◆ Supplied material:
##############################

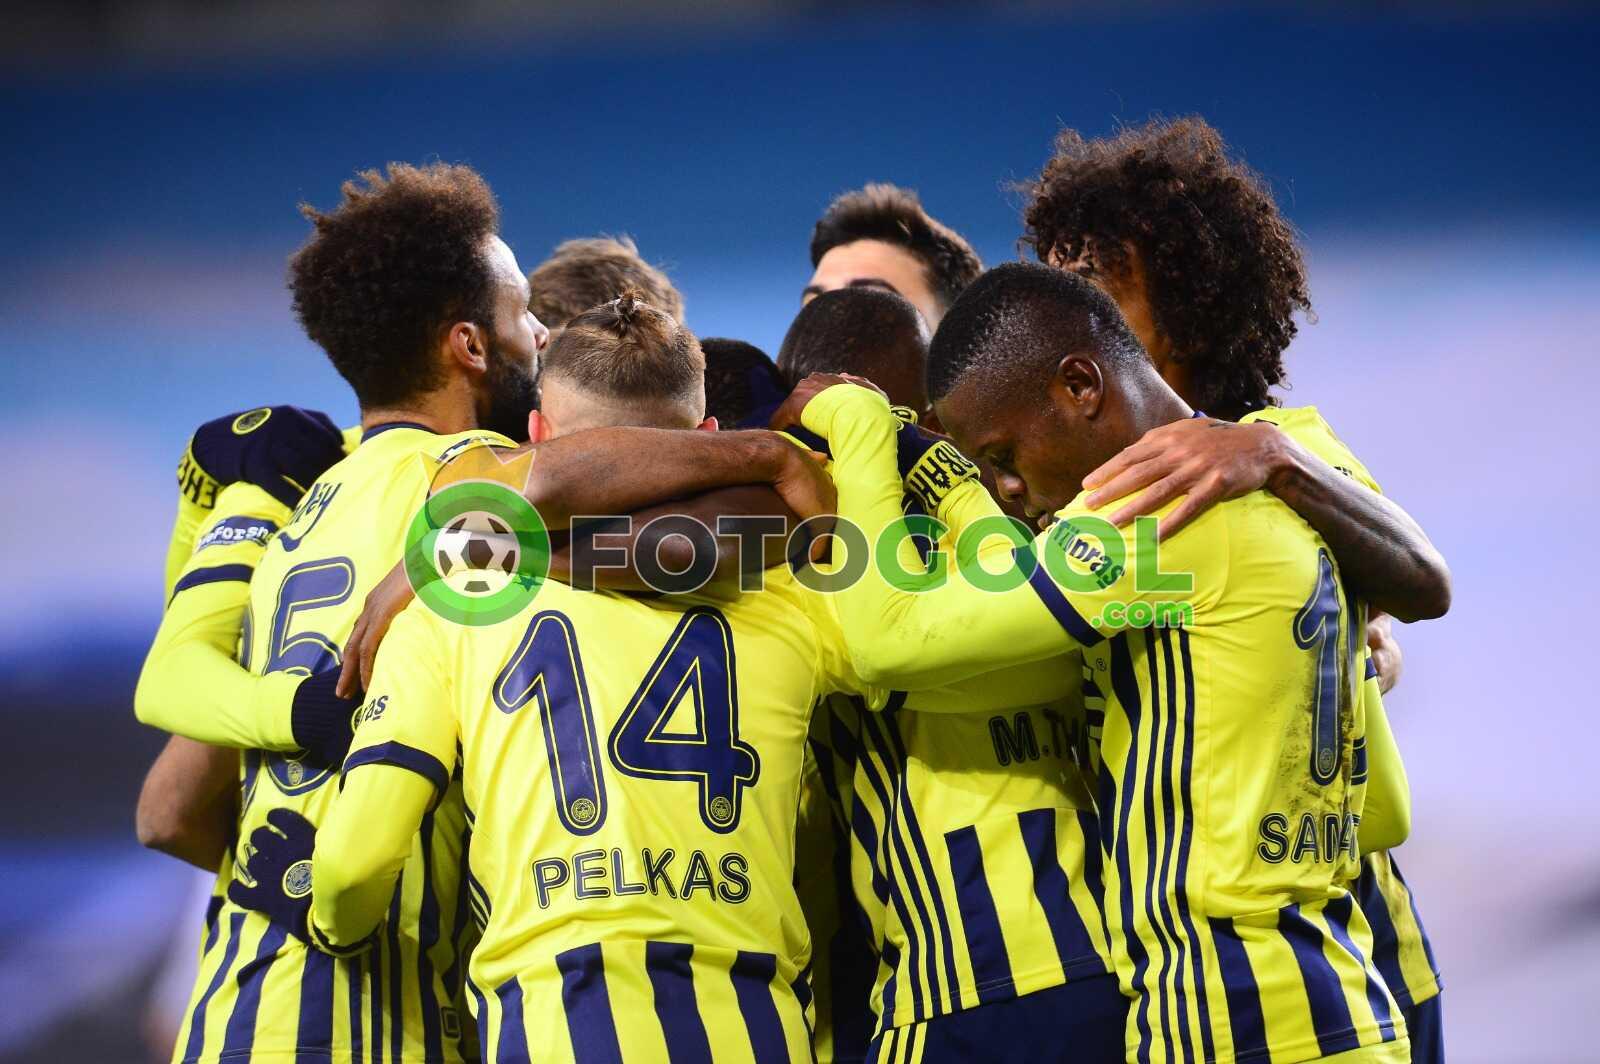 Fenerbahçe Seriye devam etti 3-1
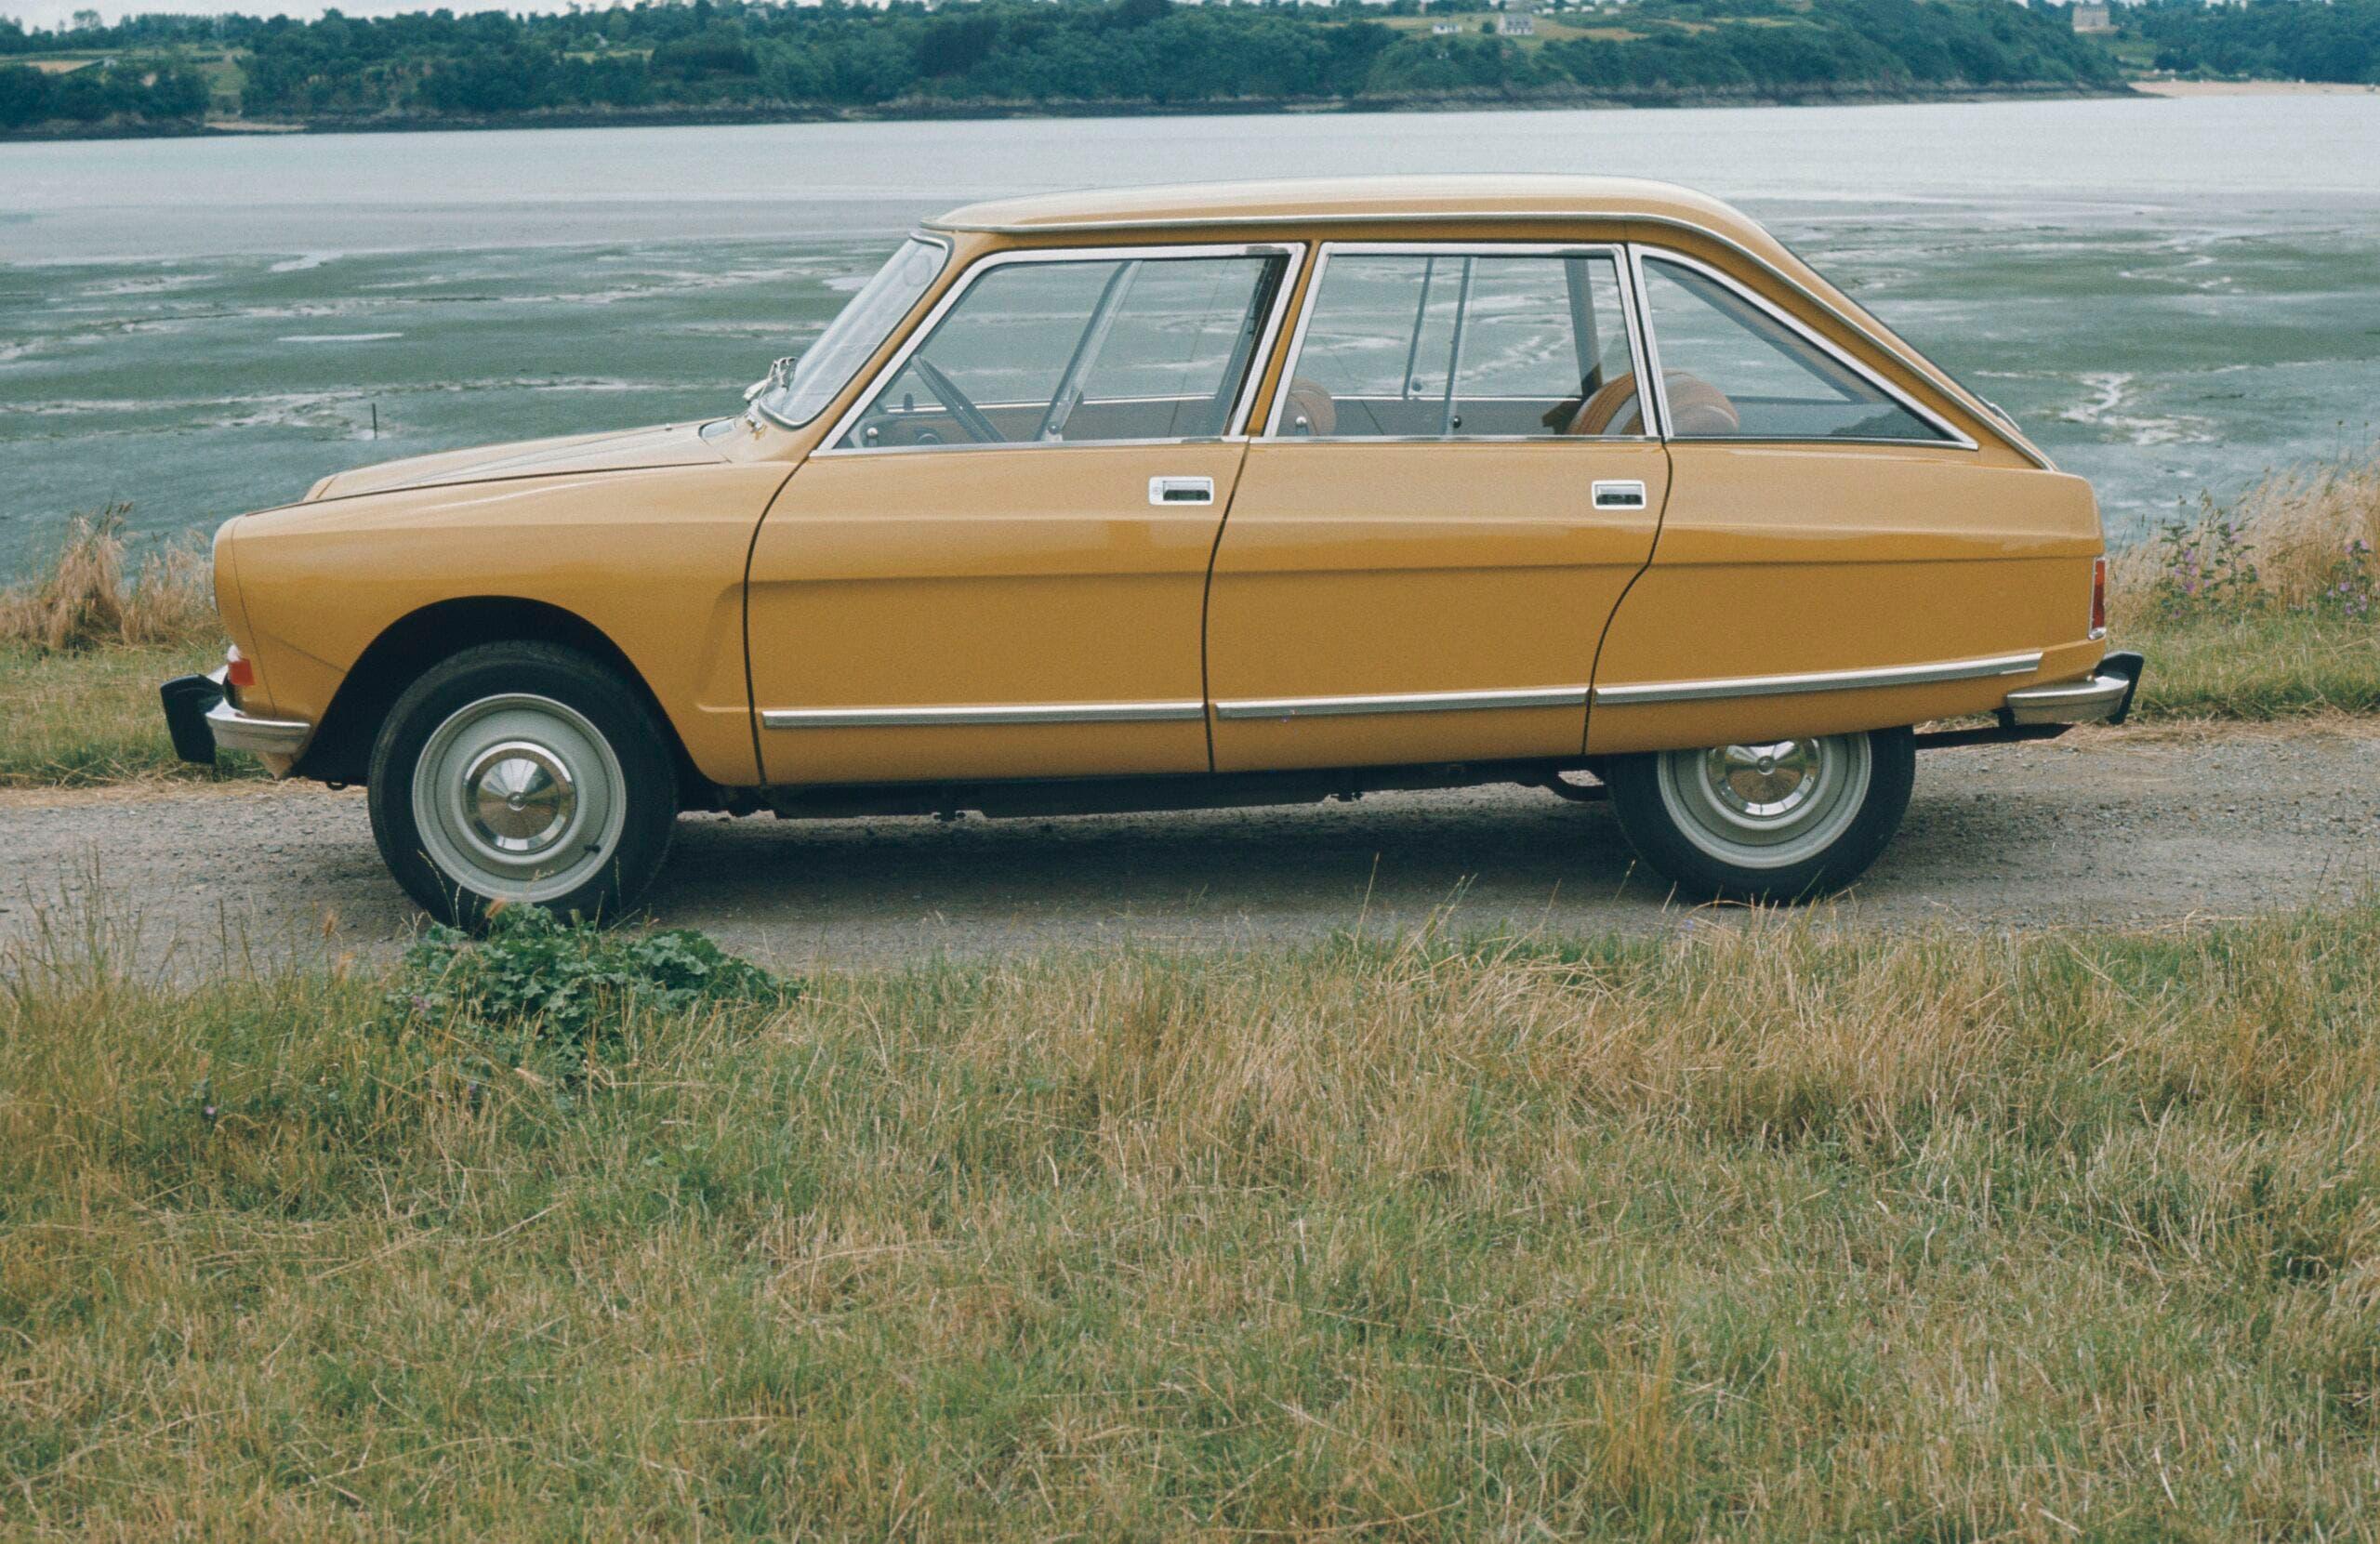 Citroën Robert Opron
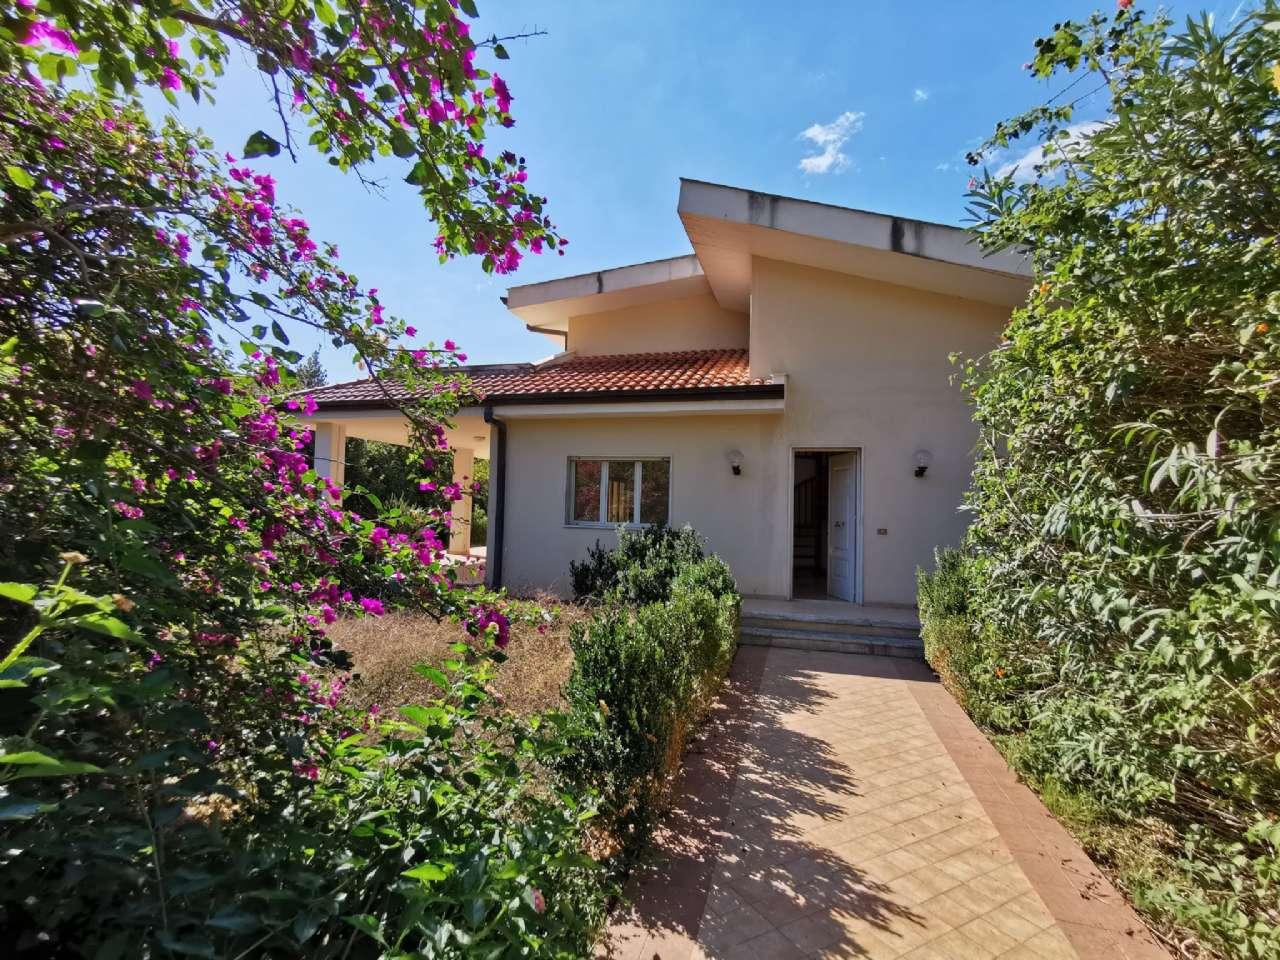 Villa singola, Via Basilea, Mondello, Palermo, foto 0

##############################

◆ The task:
What you return should match the material line for line, with the images removed.

◆ Answer to the problem:
 Fenerbahçe Seriye devam etti 3-1
 Citroën Robert Opron
 Villa singola, Via Basilea, Mondello, Palermo, foto 0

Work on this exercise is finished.